Delayed Luminescence Spectroscopy of Organic Photo.. (DELUMOPV)
Delayed Luminescence Spectroscopy of Organic Photovoltaic Systems
Start date: May 16, 2012,
End date: May 15, 2014
"This project aims to accomplish an understanding of the processes that currently limit the power conversion efficiency of solution-processed organic photovoltaic (OPV) devices, by identifying the factors that are responsible for the losses in device photocurrent generation. In particular, attention will be given to the origin of the photocurrent generation losses in OPV devices that take place due to the recombination of free charge carriers, prior to charge collection at the device electrodes.
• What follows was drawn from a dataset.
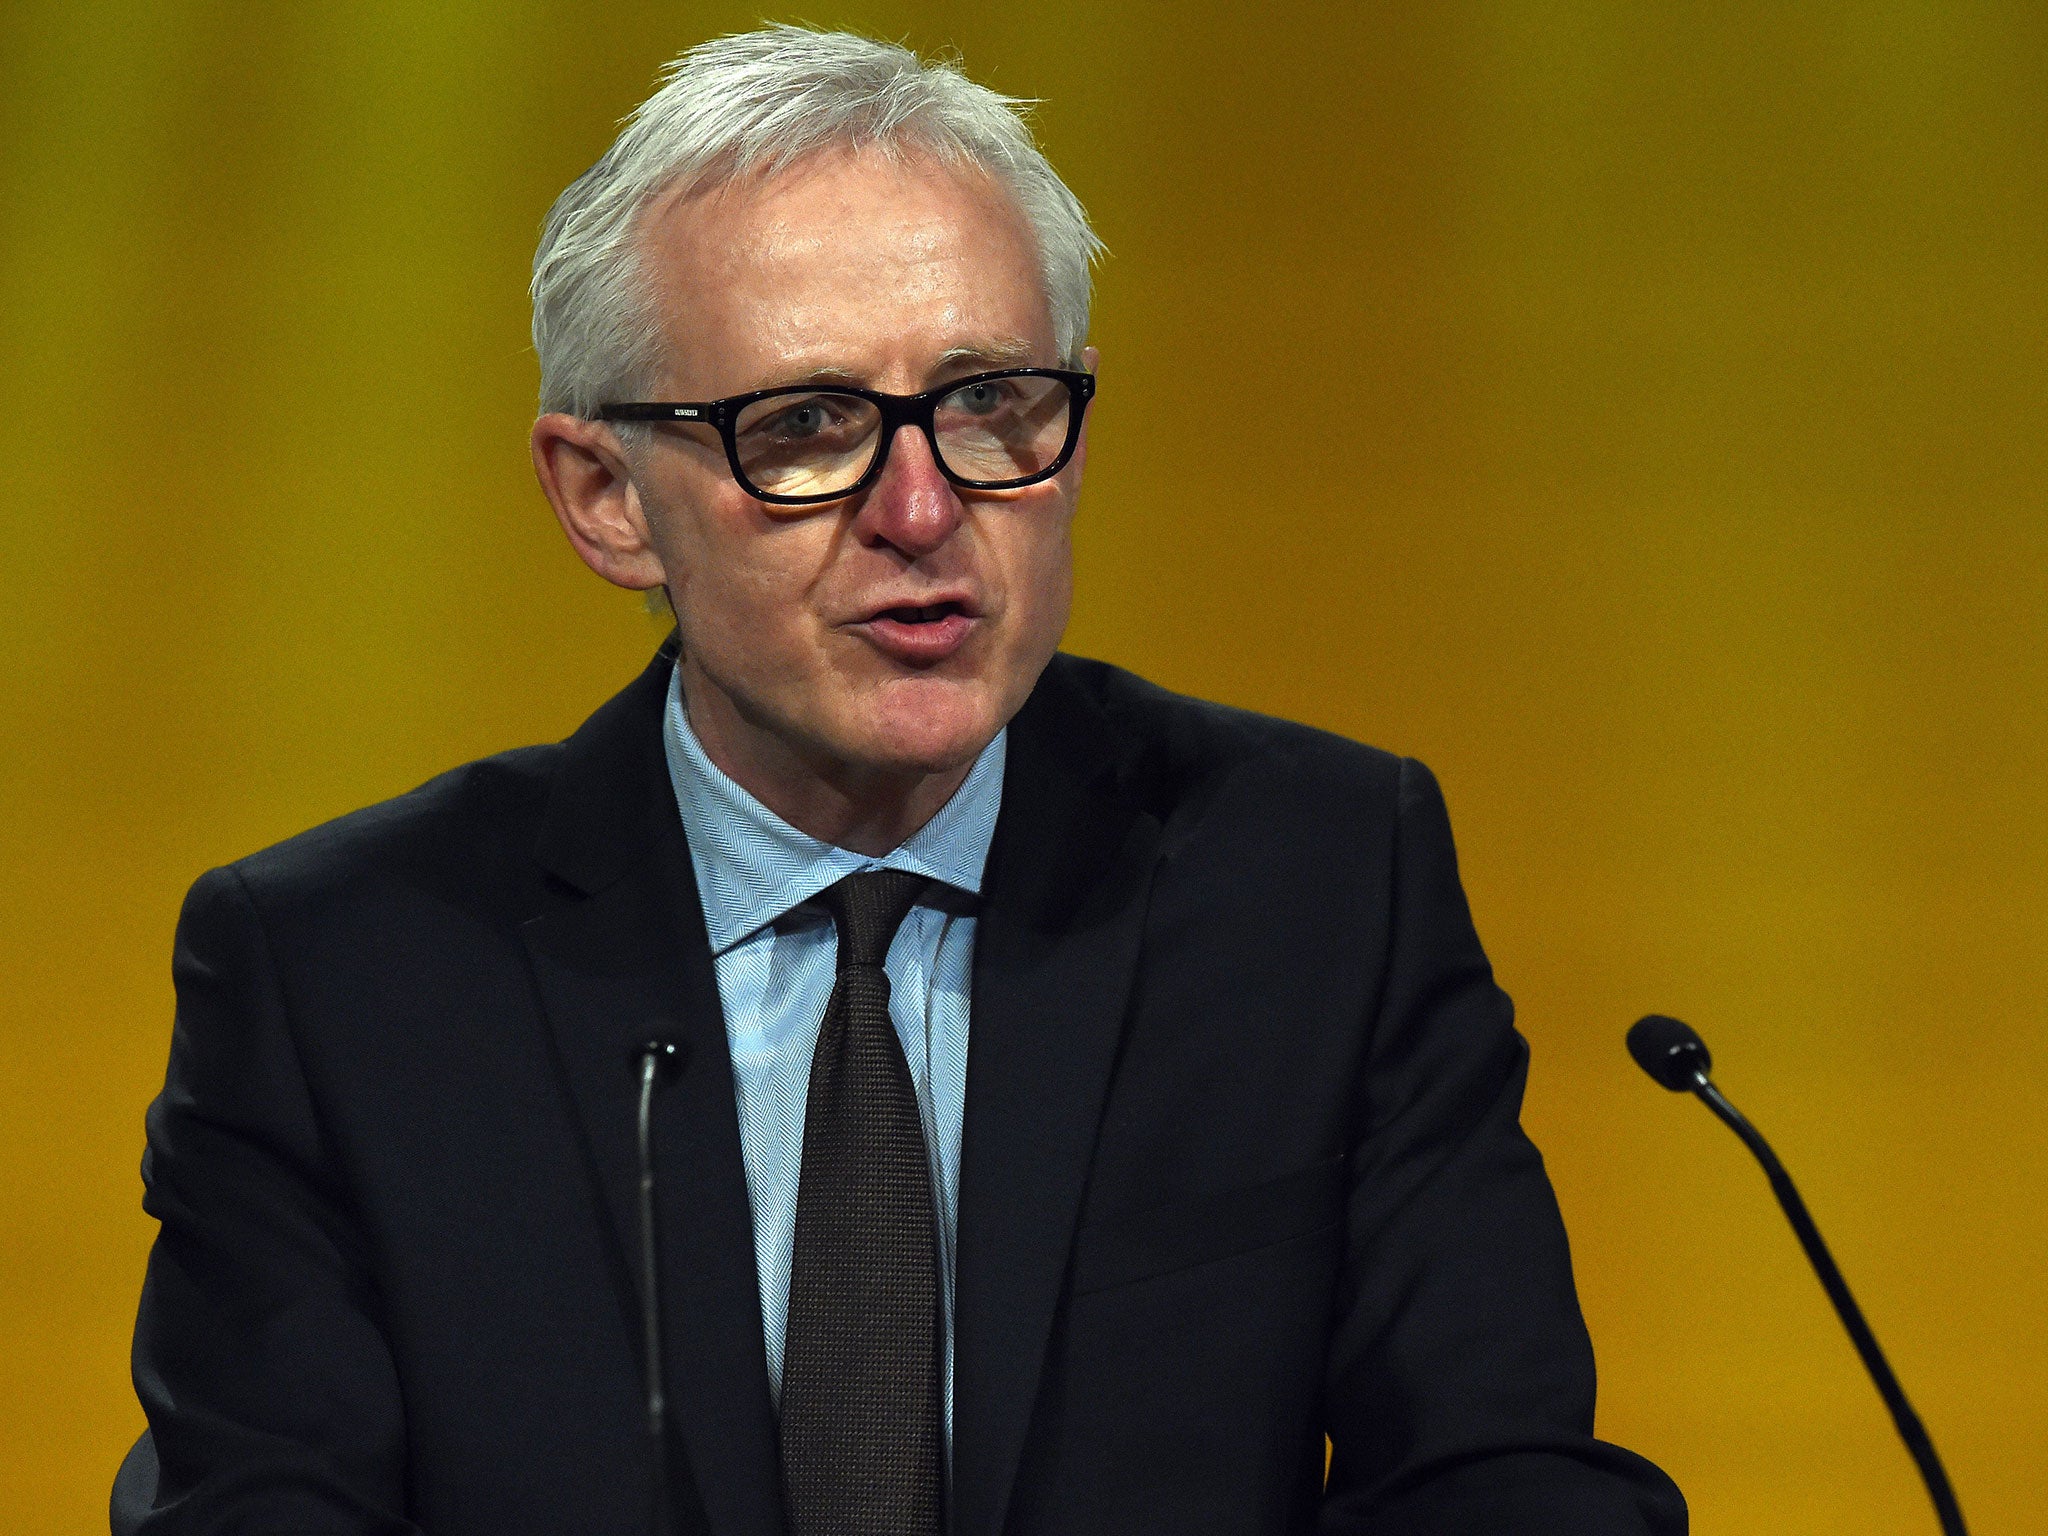 “More people are stuck in hospital now because the number living with chronic conditions is growing at a dramatic rate. This is imposing extraordinary pressure,” Norman Lamb said.

For the realization of the study a new set of non-fullerene based perfluorinated materials will be used as electron-acceptors and commercially available polymeric matrices such as poly(fluorene)-copolymers and poly(thiophene)s will be used as electron-donors. Free carrier recombination in the fabricated OPV layers and in their devices will be monitored by the detection of delayed luminescence in the μs – ms time scales, as a function of the photoactive layer morphology. The resulting luminescence dynamics will be then correlated to the photocurrent generation efficiency of the corresponding OPV devices and to the charge transport capabilities of the OPV layers. The project aims to deliver a new insight on the nature and the dynamics of charge transfer excited states that survive at delayed times after photoexcitation (delxplexes) in photoactive donor/acceptor composites. Throughout the project the photophysical and electrical characterization of next generation electron-acceptor materials will be realized and this will contribute in the progress of the OPV research field. The significance of the proposed project stems from the high potential of organic semiconductors to produce inexpensive and efficient photovoltaic systems. The project will mutually benefit the applicant and the Host Institution by supporting a smooth exchange of knowledge, by integrating their different expertise on the field of organic semiconductors and by accelerating the applicant's research career."